Sur les traces de Brassaï – Flâneurs de nuit, arpenteurs du temps

 

A l’occasion de la sortie de la biographie de Brassaï, photographe, mais aussi dessinateur, peintre, sculpteur et écrivain français d’origine hongroise du siècle dernier, et dans le cadre du Mois de la photo off, la galerie parisienne le 6, Mandel accueille une exposition inédite et passionnante. Imaginée selon une idée originale de Serge Sanchez, auteur du livre Brassaï, Le promeneur de nuit, et en collaboration avec la galeriste chinonaise Nathalie Béreau, l’exposition rassemble deux plasticiens, dont Serge Sanchez lui-même, et cinq photographes contemporains. L’œuvre d’Emile Savitry, disparu en 1967, vingt ans avant Brassaï, est associée à l’événement avec trois photographies dont un portrait de son illustre aîné. A l’image de cet insatiable curieux et flâneur, qui arpentait notamment le Paris des années trente aux plus belles heures de la nuit, chaque artiste présent nous convie à le suivre au gré de sa propre balade créative, à partager quelques instants de son cheminement intérieur. Tous, à leur manière, sont conteurs. Ils racontent le monde et ses coulisses, font des petits riens du quotidien les héros d’une histoire sans fin, sans cesse renouvelée, qui est celle de chacun et de tous. Au fil de ses promenades, Florent Chopin recueille ainsi dans les bois comme sur les étals des brocantes les vestiges d’une vie animale, végétale ou humaine, objets multiples et témoins d’existences diverses et parfois révolues, qu’il assemble en d’étonnants collages venant titiller notre imaginaire particulier et collectif. 

Didier Gaillard puise pour sa part dans sa maîtrise subtile de la photographie et de la peinture les moyens de dérouter les sens, de perturber l’appréhension que le spectateur peut avoir de ces deux arts. Entremêlant l’un avec l’autre, il propose une lecture renouvelée de la nature morte, matrice inédite de paysages en devenir. Reporter de presse, puis photographe indépendant, Serge Hambourg s’est fait le témoin de nombre d’événements phares de nos sociétés depuis une soixantaine d’années.
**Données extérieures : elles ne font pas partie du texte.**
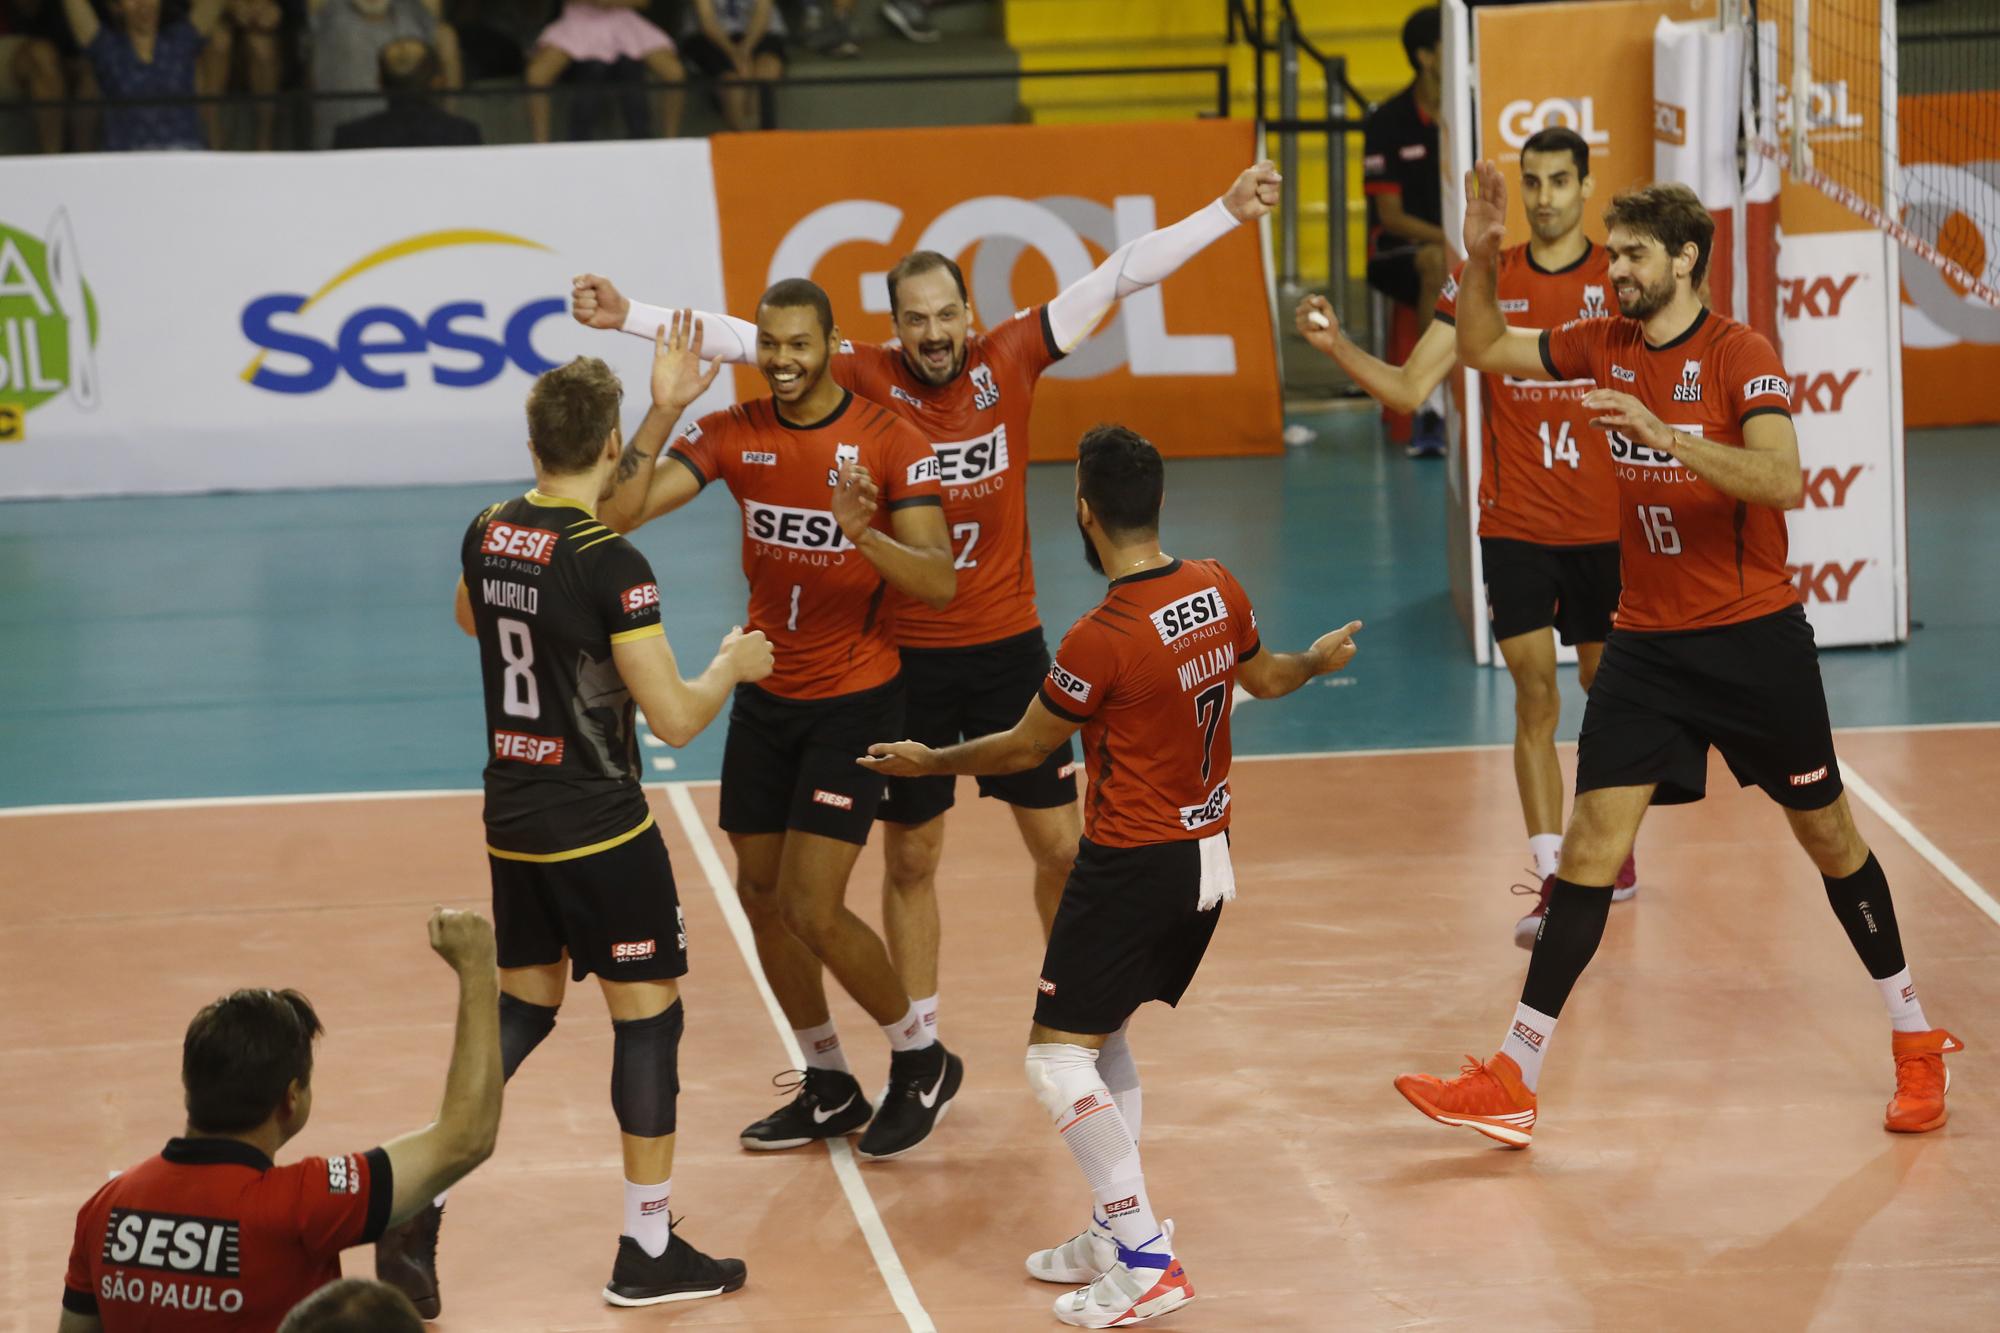 Saque desequilibra para os paulistas na semifinal da Superliga masculina 28ac51d3ce23d

Il dévoile ici, à travers quelques prises de vue en noir et blanc, l’intimité de l’atelier de Brassaï saisie avec finesse et simplicité au lendemain de la mort du maître. Inlassable traqueur de signes et de traces, Dominique Marchès est lui aussi un promeneur, un glaneur pour qui un fragment de paysage, urbain ou bucolique, familier ou prélevé dans une contrée lointaine est l’occasion de lire et d’écrire du bout de l’objectif une nouvelle histoire, tendre ou drôle, mais toujours empreinte de poésie. Muriel Pierrot présente quant à elle des travaux inspirés par un séjour à Lasi, en Roumanie. Essentiellement consacrée au quotidien des étudiants de la cité universitaire de la ville, cette série en noir et blanc fut également pour elle une manière de retrouver la «  magie  » du développement du négatif, «  disparue avec la généralisation du numérique  ».

Didier Gaillard
Sans titre #8, image 14,5 x 12 cm, tirage argentique, Didier Gaillard, 2000-2010

Empruntant peut-être au surréalisme son ton pour le moins décalé et provocateur, Alain Prillard détourne les conventions, interroge au travers de ses travaux picturaux et photographiques le sens de l’image et de l’écrit, indissociables et indispensables éléments d’analyse, et parfois de compréhension, de la marche du monde. Journaliste et écrivain, Serge Sanchez aime également, et depuis longtemps, s’exprimer par le biais des arts plastiques. Peinture et collages sont pour lui «  une passion, ou une pulsion, de jeunesse  », sa «  première vocation  ». Il offre ici aux regards une série de bas-reliefs sur bois, assemblages singuliers sublimant avec force et simplicité tous ces détails qui nourrissent le quotidien. Un bien beau voyage à la frontière du réel et de l’imaginaire, territoire fertile et généreux où chacun d’entre nous évolue selon sa propre singularité.